Озеров, сидевший рядом на скамейке, словно угадал его мысли:
— Отченаш меня не раз допекал: кто все-таки должен решить — быть или не быть этому хозяйству? Мы вместе ломали голову, и, поверишь, Михаил Сергеевич, вразумительного ответа я ему не дал. Не знаю, честное слово, не знаю.
— Вообще я считаю, недооценивается у нас это дело, — в раздумье проговорил Отченаш. — Мне в академии объяснили, что водоемы, расположенные на территории колхозов и совхозов страны, занимают площадь более двух миллионов гектаров. Они, ученые-то, подсчитали, что если с умом использовать эти водоемы, то можно получать столько же рыбы, сколько вылавливается в Черном, Азовском, Каспийском и Аральском морях, вместе взятых.
Курганов не спеша проговорил:
— Ну что же, Иван Андреевич, дело ты затеваешь, как мне кажется, интересное. Давай-ка мы с тобой встретимся в Приозерске. Потом в нашем обкоме потолкуем…
Озеров с хитроватой улыбкой шутливо толкнул Отченаша в бок:
— Ты бы, Иван, с Михаилом-то Сергеевичем посоветовался и о том, как тебе свой личный узел развязать. Он ничуть не проще проблемы с плавнями.
Отченаш помрачнел.
— Николай Семенович, зачем ты об этом? Сам разберусь.
— Что-то долго разбираешься. Сколько времени как чумной ходишь, все гадаешь: быть или не быть? И это морская душа? Нет, что-то ты тут, Иван, слабину даешь.
Курганов заинтересовался:
— Если желание есть, расскажите. Сподобимся женской половине рода человеческого, пошушукаемся на личные темы.
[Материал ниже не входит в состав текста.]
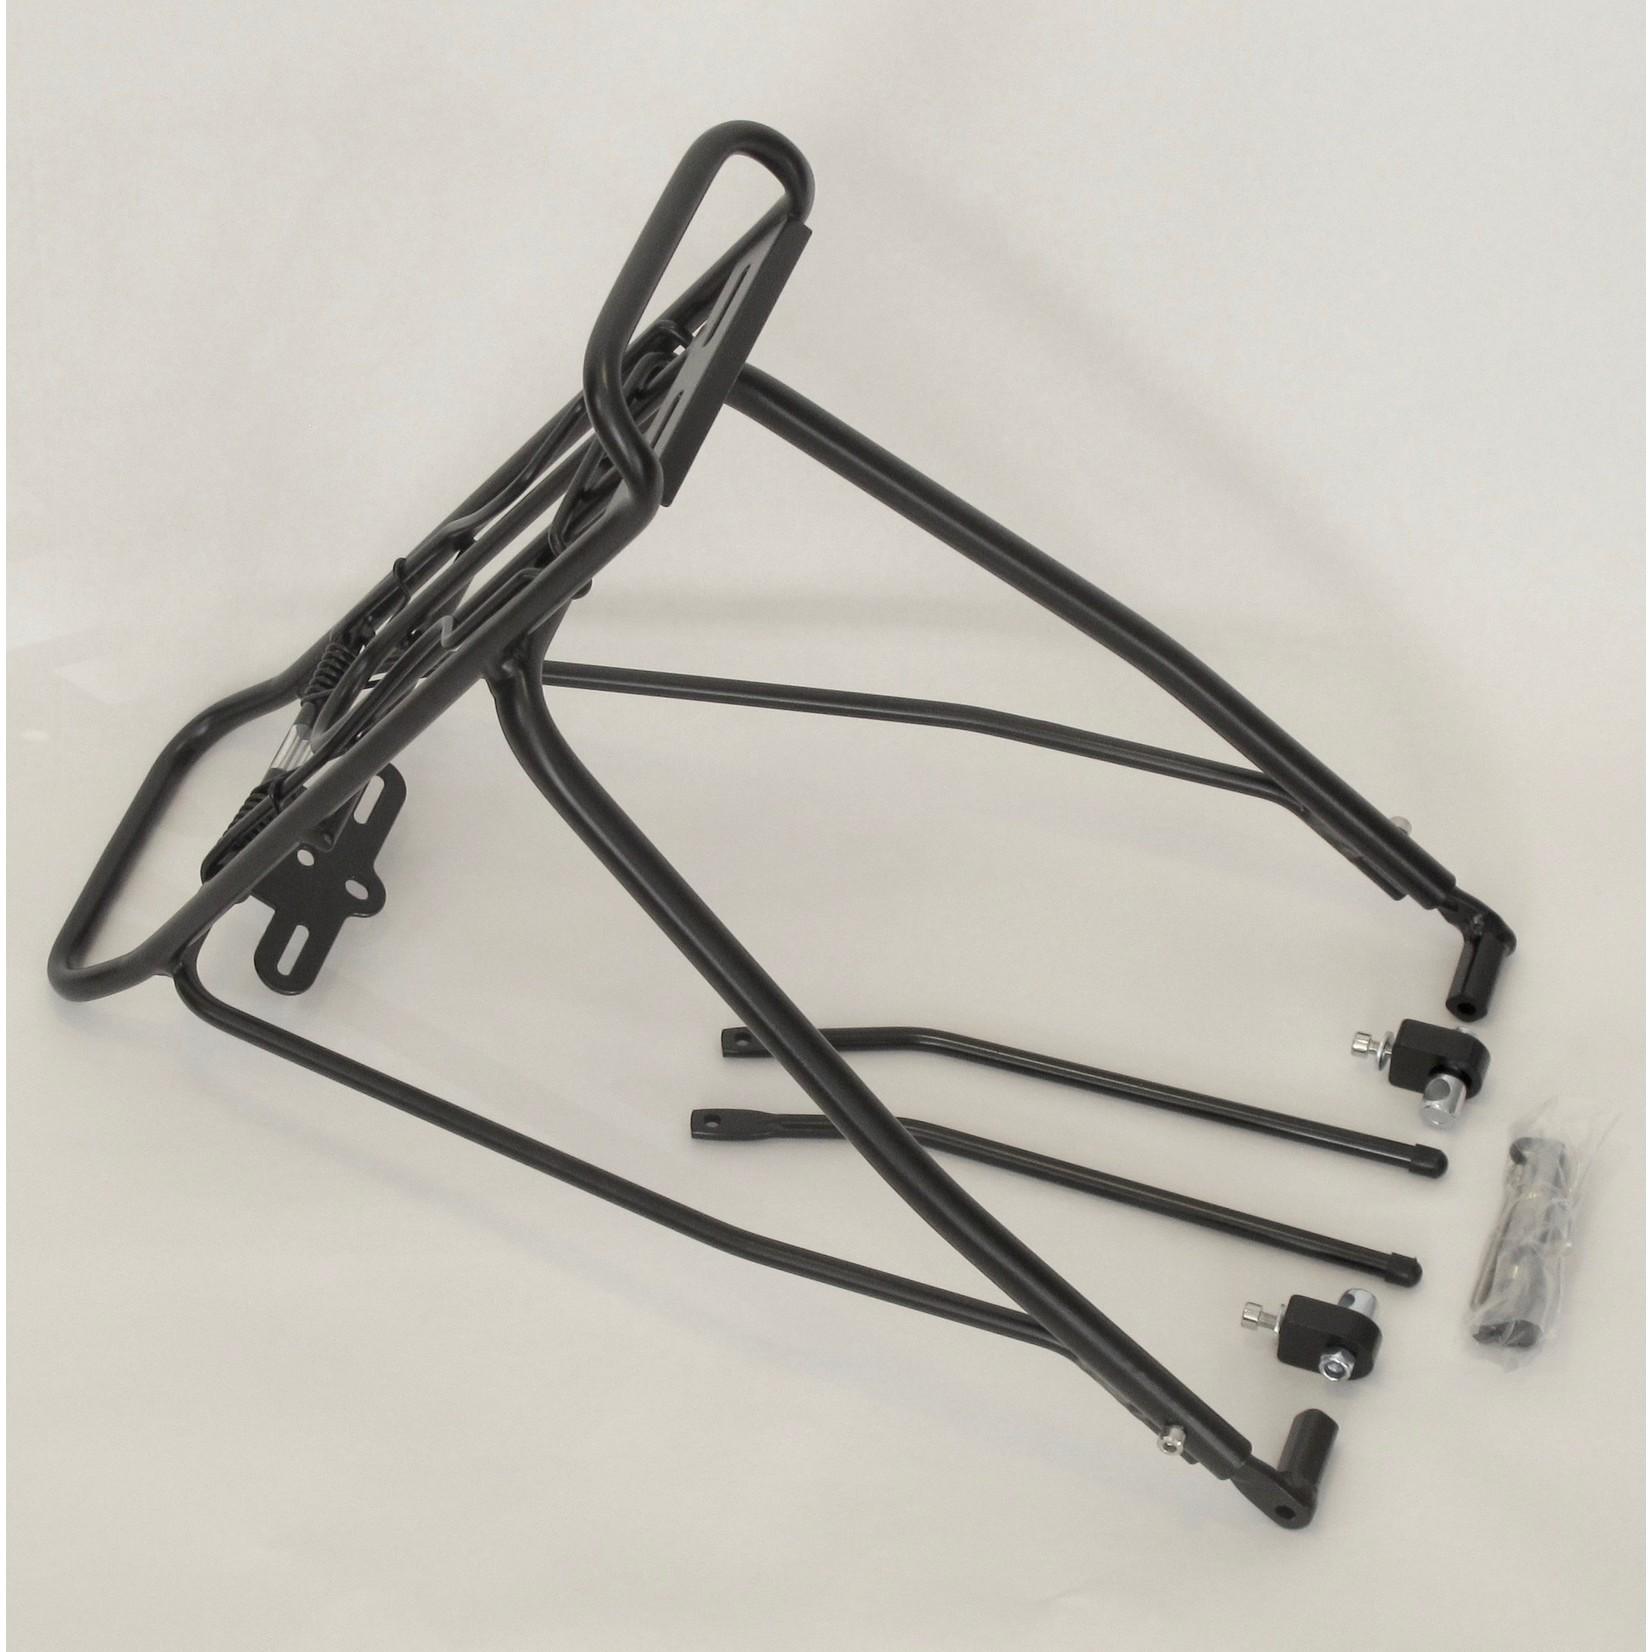 LarryvsHarry LarryvsHarry Rear rack + attachment

И Иван рассказал. Как на журнал когда-то наткнулся, как в этих краях обосновался, как искал Настю. О своей недавней поездке к ней. Рассказывал, иронизируя над собой, но сквозь узор шутливого, облегченного разговора то и дело прорывались грустные, тоскливые ноты.
Курганов слушал исповедь взрослого, красивого человека и видел, с каким волнующем обожанием он говорит о никому не известной Насте Уфимцевой, думал о том, как часто несправедливо поступает судьба, не сводя под один кров таких людей.
Помолчав, он в раздумье проговорил:
— Случай, Иван Андреевич, трудный. Муж там, семья.
— Не любит она его, понимаете, не любит.
— Это она сама сказала?
— Нет. Но я чувствую.
— Вышла же за него.
— Бывает и такое.
— Бывает. В жизни все бывает. Только надо помнить, что на чужой беде счастья не построишь… Конечно, если у вас у обоих такое огромное чувство, что друг без друга вы просто не можете, тогда…
— Что тогда? — с плохо скрытым волнением перебил его Отченаш.
— Тогда, моряк, тебе надо вновь ехать в это самое Рязанское Приозерное и привозить Настю Уфимцеву в Крутоярово.
— Я ему то же самое втолковывал. И не раз, — заметил Озеров, — только, по-моему, Иван морскую закалку растерял.
Отченаш обжег его обиженным взглядом.
— Ты, Николай Семеныч, меня не заводи, я и так будто под током хожу.
Все замолчали. Отченаш встал и отошел к берегу залива, долго стоял там, подставив лицо ветру, освежающей влаге, тянущей с водной глади.
Курганов заметил Озерову с упреком:
— Ты зря, Николай Семенович, торопишь его. На ошибку можешь толкнуть парня.
— Да никакой ошибки тут, на мой взгляд, не будет. Письмо она ему на днях прислала. Ездил-то не очень давно — и на тебе, уже послание. Мать похоронила, горе. Огромное. Понятно. Но если Иван для нее просто знакомый, то с чего она вдруг перед ним душу-то будет раскрывать? А она ведь именно это и делает. Нет, или я ничего не понимаю, или у них действительно что-то глубокое, необычное. Бывает же любовь с первого взгляда.
Курганов вздохнул.
— Может быть и так. Но ты с ним все же поаккуратнее. Парень-то уж очень славный.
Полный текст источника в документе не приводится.